Lebih lanjut, HNW mengingatkan perlunya lobi dan komunikasi intensif dengan Amerika Serikat (AS) sebagai salah satu negara pengusul proposal perdamaian. Dibukanya perbatasan Rafah ke Mesir harus dipastikan murni untuk bantuan kemanusiaan dan proses rekonstruksi Jalur Gaza, bukan sebaliknya.
“Itu yang menjadi tujuan utama dibukanya perbatasan Rafah. Bukan justru untuk mengusir warga Gaza keluar dari wilayahnya agar kemudian wilayah tersebut dikuasai oleh Israel,” tuturnya.
Menurut HNW, delapan negara ini memiliki posisi tawar tinggi dalam mengimbangi proses perdamaian di Jalur Gaza. Tanpa keterlibatan mereka, mustahil proposal perdamaian AS bisa berjalan baik.
“Perdamaian di Jalur Gaza bukan hanya karena peran dari Amerika Serikat, tetapi juga ada peran penting dari delapan negara tersebut. Dan itu pun diakui oleh Presiden AS Donald Trump.
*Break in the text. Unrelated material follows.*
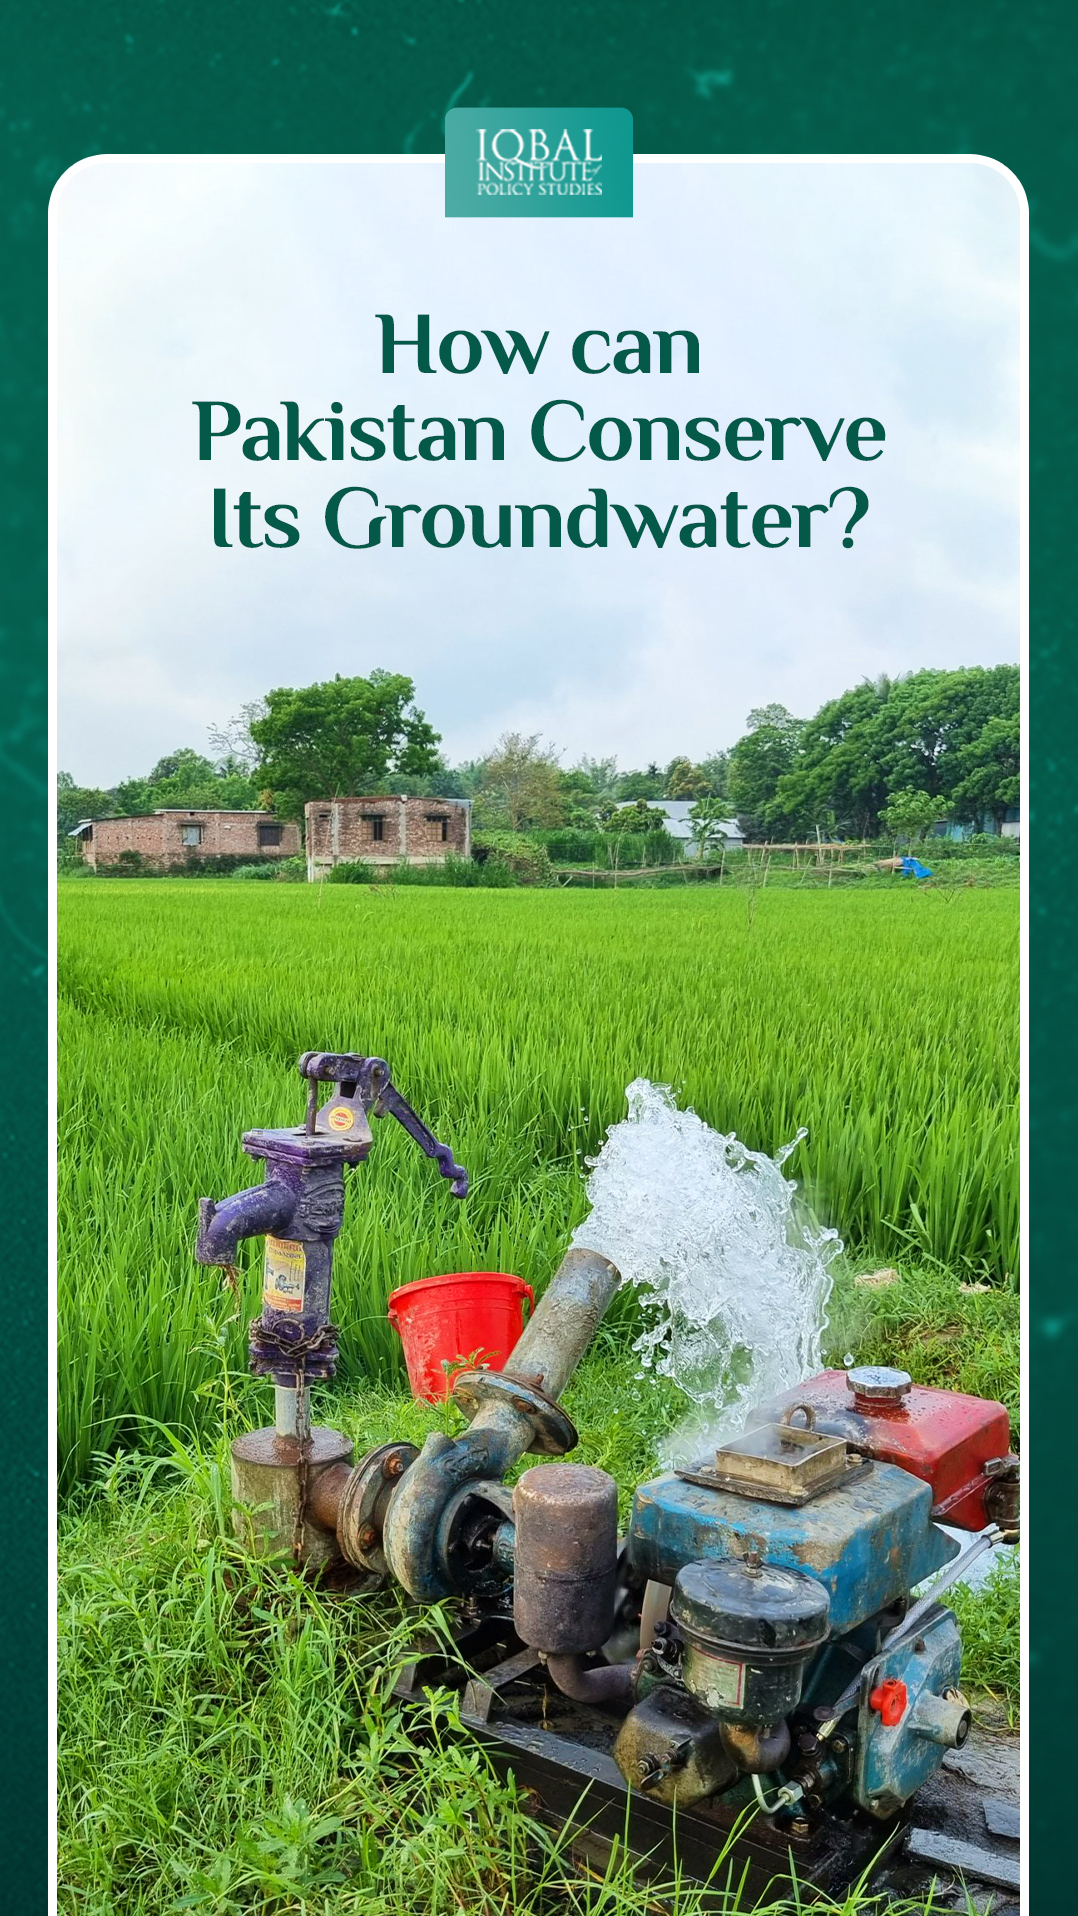 how can Pakistan conserve its groundwater?

Sehingga, delapan negara ini juga perlu memastikan bahwa perjanjian perdamaian tidak bergeser ke arah yang salah dengan pengusiran warga Palestina dan terus membiarkan Israel melakukan pelanggaran terhadap proposal perdamaian, karena jelas akan menjadi kontraproduktif dari upaya mewujudkan perdamaian dan keadilan dengan terlaksananya prinsip ‘two state solution’ yang juga menjadi salah satu Resolusi PBB,” jelasnya.
Ia menegaskan, bahwa skenario pengusiran terselubung ini adalah alarm bahaya bagi dunia internasional. Diperlukan konsolidasi kekuatan diplomasi yang solid antara Indonesia dengan negara-negara yang memiliki kepedulian sama untuk mematahkan strategi Israel.
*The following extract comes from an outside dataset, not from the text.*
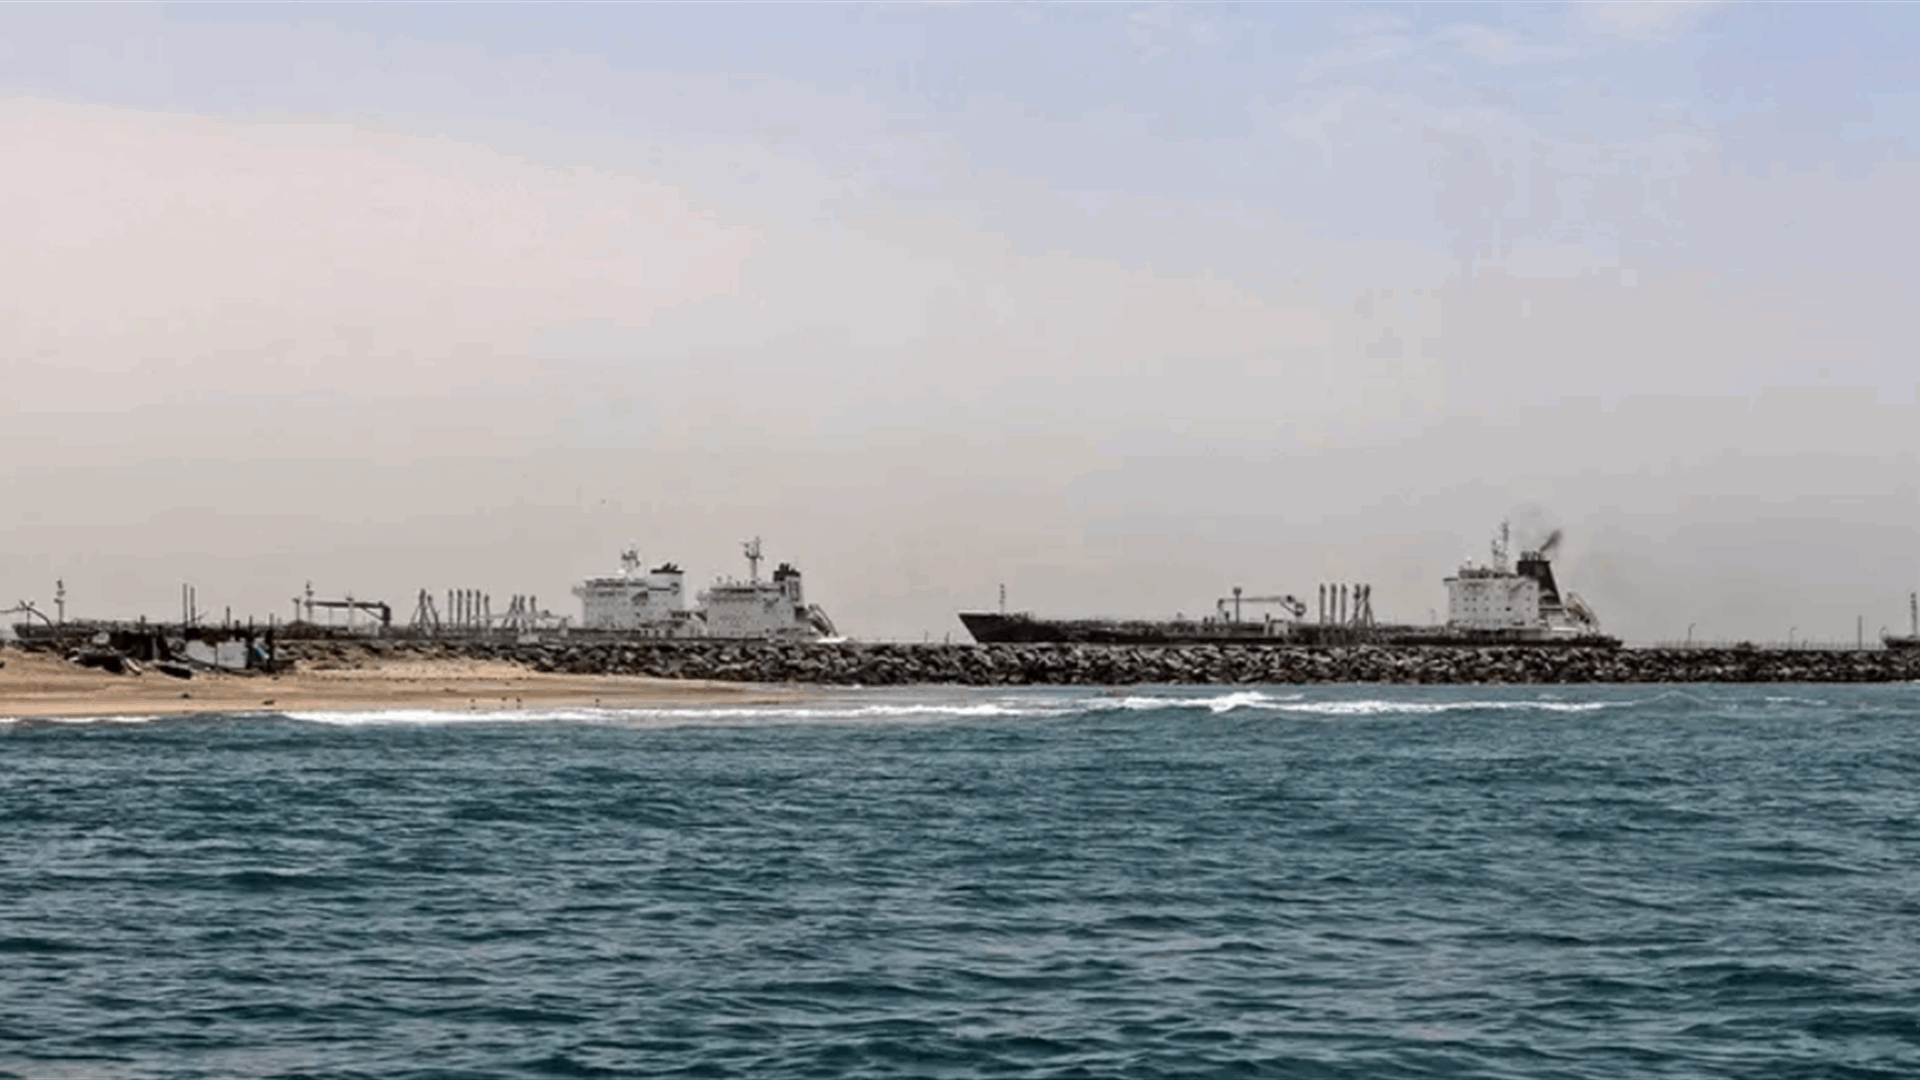 UKMTO receives report of a distress call from vessel southeast of Yemen’s Nishtun

“Oleh karena itu, Saya mendukung sikap Menteri Luar Negeri Republik Indonesia Sugiono untuk terus bekerja sama maksimal, bahu membahu dengan Menlu dari negara-negara sahabat tersebut, untuk memastikan hal kontraproduktif yang melanggengkan pelanggaran perdamaian, menjauhkan Palestina menjadi negara merdeka, seperti manuver-manuver pengusiran yang dilakukan Israel, tidak terus terjadi, dan bisa dihentikan, agar segera terbayar lunas-lah hutang Indonesia terhadap Palestina berupa hadirnya negara Palestina yang merdeka dan berdaulat,” pungkasnya.